CFTC Chairman Mike Selig said the agency will move to turn its March no-action stance on Phantom Technologies into a formal rulemaking, signaling a shift from one-time employee guidance to permanent protections across the industry for developers of non-custodial software.
Speaking at the Miami Consensus Conference on Tuesday, Selig framed the change as the next stage in an intentional sequence.
As I said before, I prefer rules, so we’ll be working on writing that down and including it in the rules very soon.
– Mike Selig
“But for starters, it’s kind of crawling, walking, running,” he added. “We want to get some clear guidelines to help these companies start developing and offering their software in the United States.”
The distinction is important because no-action letters are application-specific.
Other developers seeking the same relief must submit their own applications to the CFTC’s Market Participant Division and meet conditions identical or similar to those met by Phantom.
Formal rulemaking would automatically extend protections to any non-custodial software provider that meets the codified conditions, and would be very difficult for any future commission to undo.
Eight conditions define the threshold for no action
As mentioned by Cryptopolitan On March 17, the CFTC’s Division of Market Participants stated that it “will not recommend that the Commission take enforcement action against Phantom for its failure to register as an introducing broker,” or against certain Phantom employees for failing to register as associated persons.
The vulva is tight. Phantom does not accept or handle customer funds or digital assets.
It does not act as a counterparty, does not guarantee execution, does not solicit or accept orders for futures contracts or swaps, does not receive transaction-based compensation associated with trading activity, and its activities are limited to providing user interfaces and software tools.
Phantom may only facilitate communications with entities appropriately registered with the Commission, including futures dealers, introducing brokers and designated contract markets.

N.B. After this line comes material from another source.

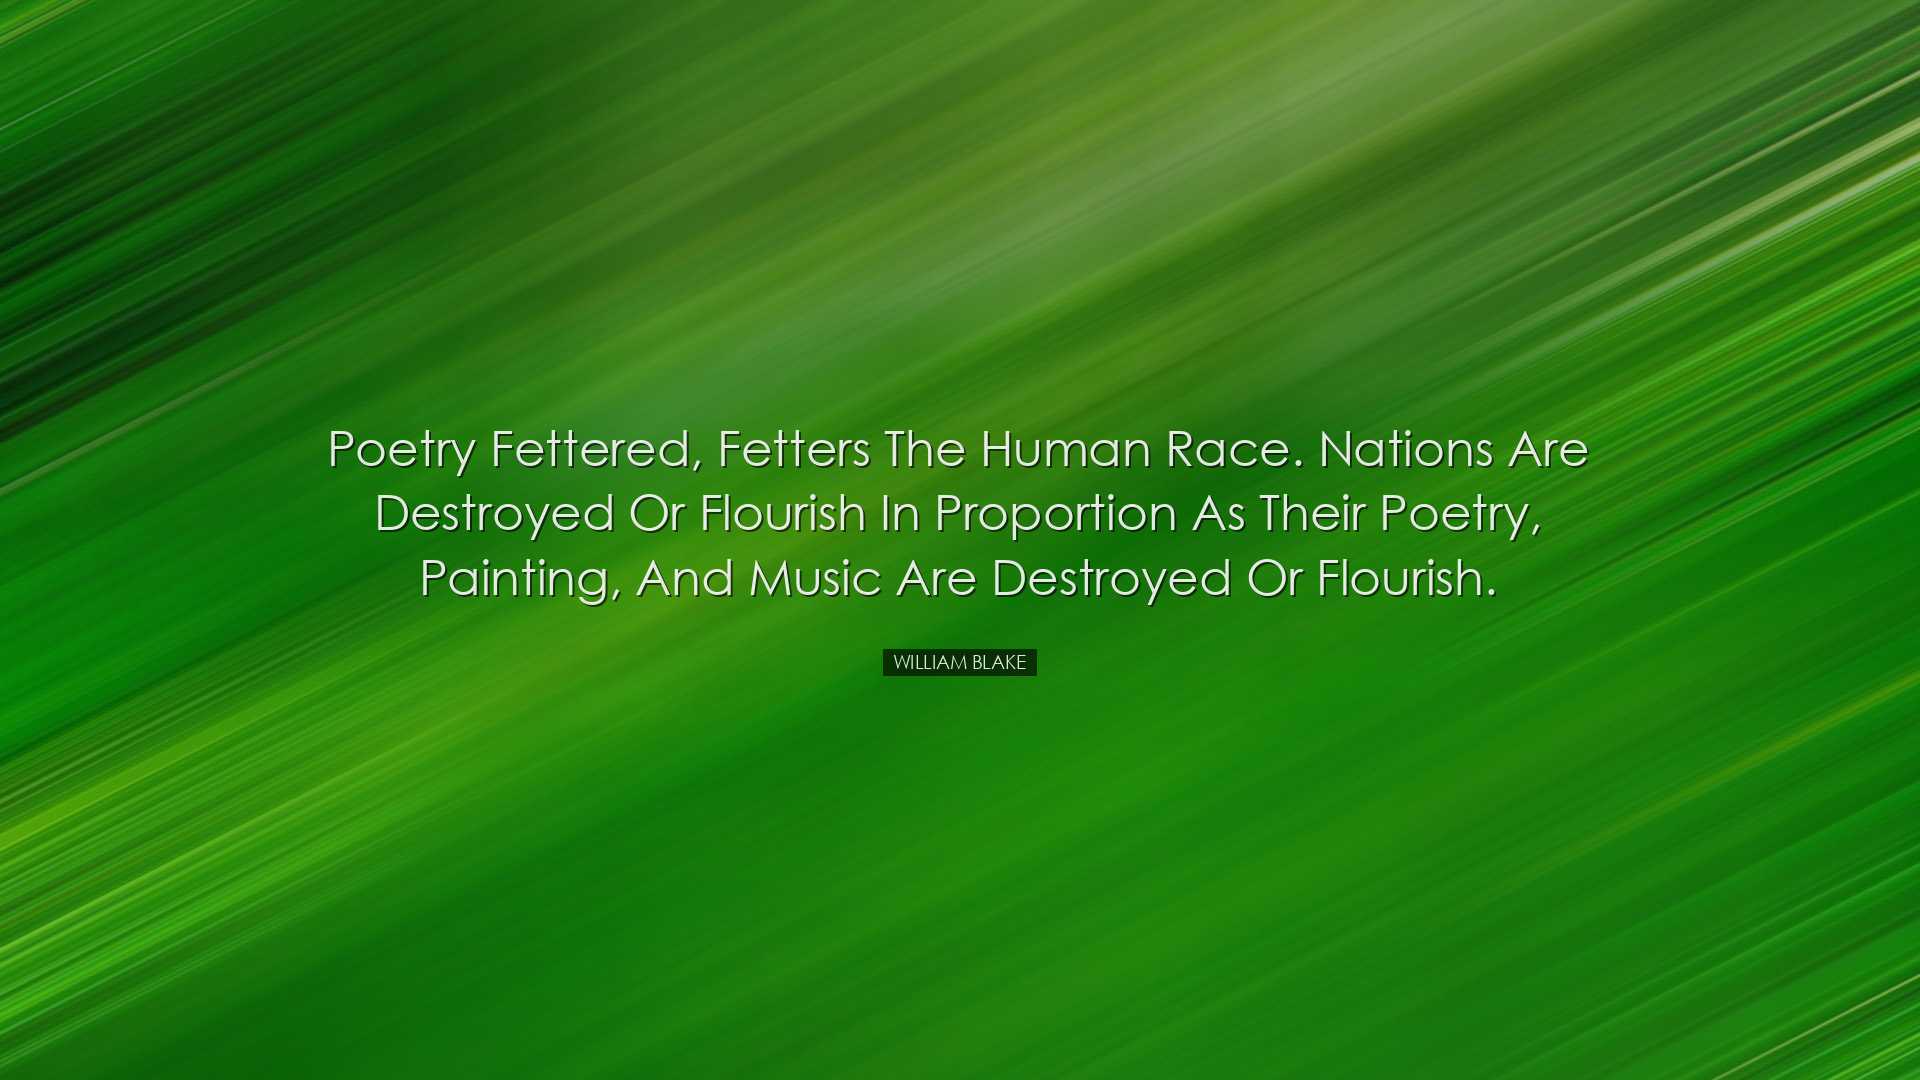 Poetry fettered, fetters the human race. Nations are destroyed or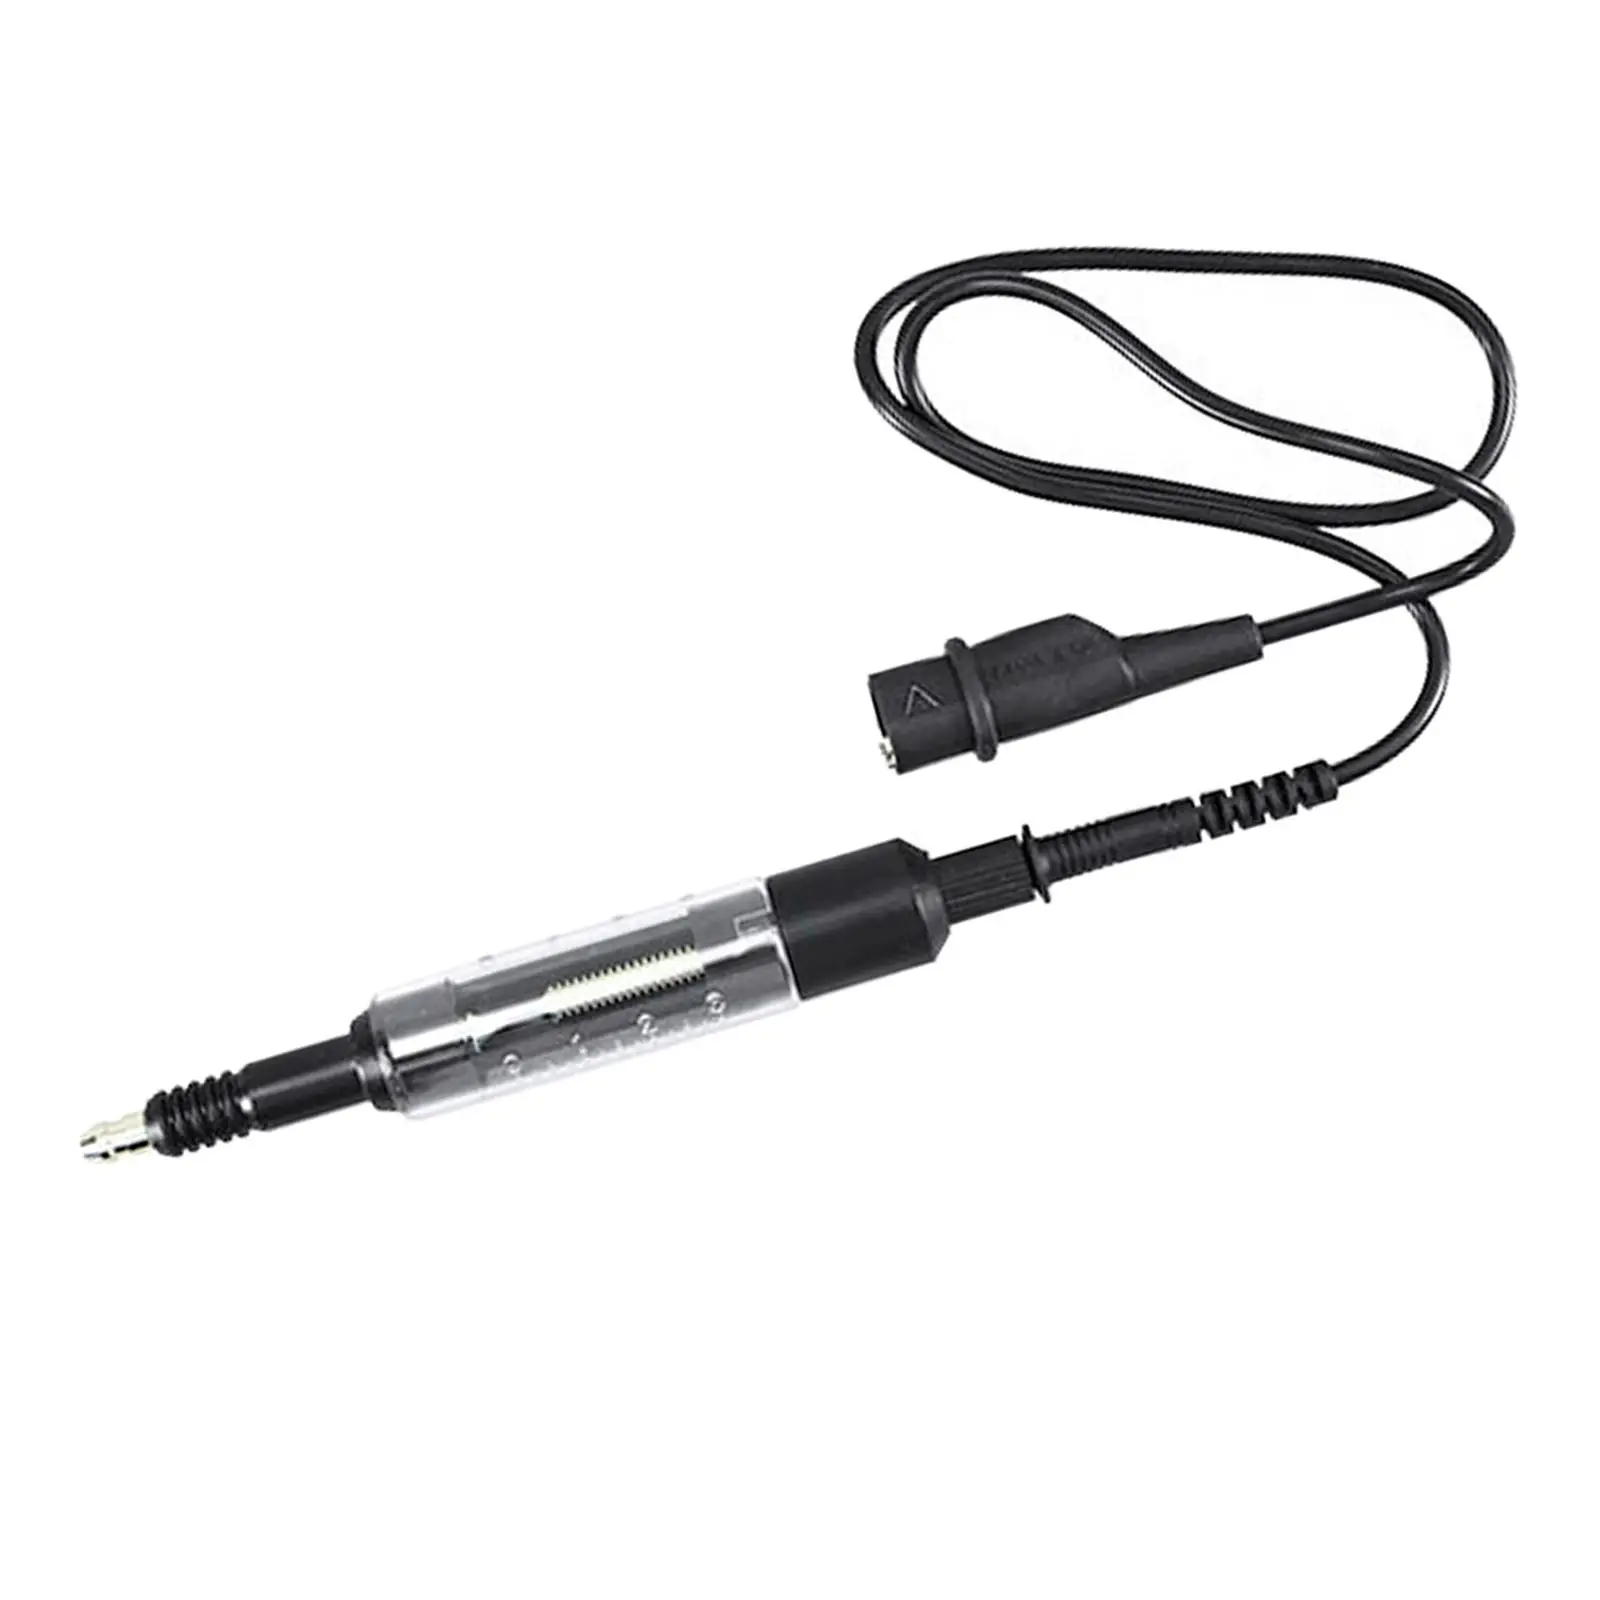 Spark Plug Tester Car Exterior Accessories Ignition Coil Tester Fit for Small & Big Internal/External Engines Lawnmower Car

The pattern across conditions is consistent. The closer a company is to a neutral API, the less likely it is to sign up.
The closer you are to the broker’s traditional functions, the more likely registration will apply.
The Securities and Exchange Commission (SEC) takes a parallel stance toward software providers
The CFTC is not acting alone. SEC staff issued a parallel statement saying that “a person who merely provides the infrastructure or technology to allow others to engage in securities transactions will not act as an intermediary merely by doing so.”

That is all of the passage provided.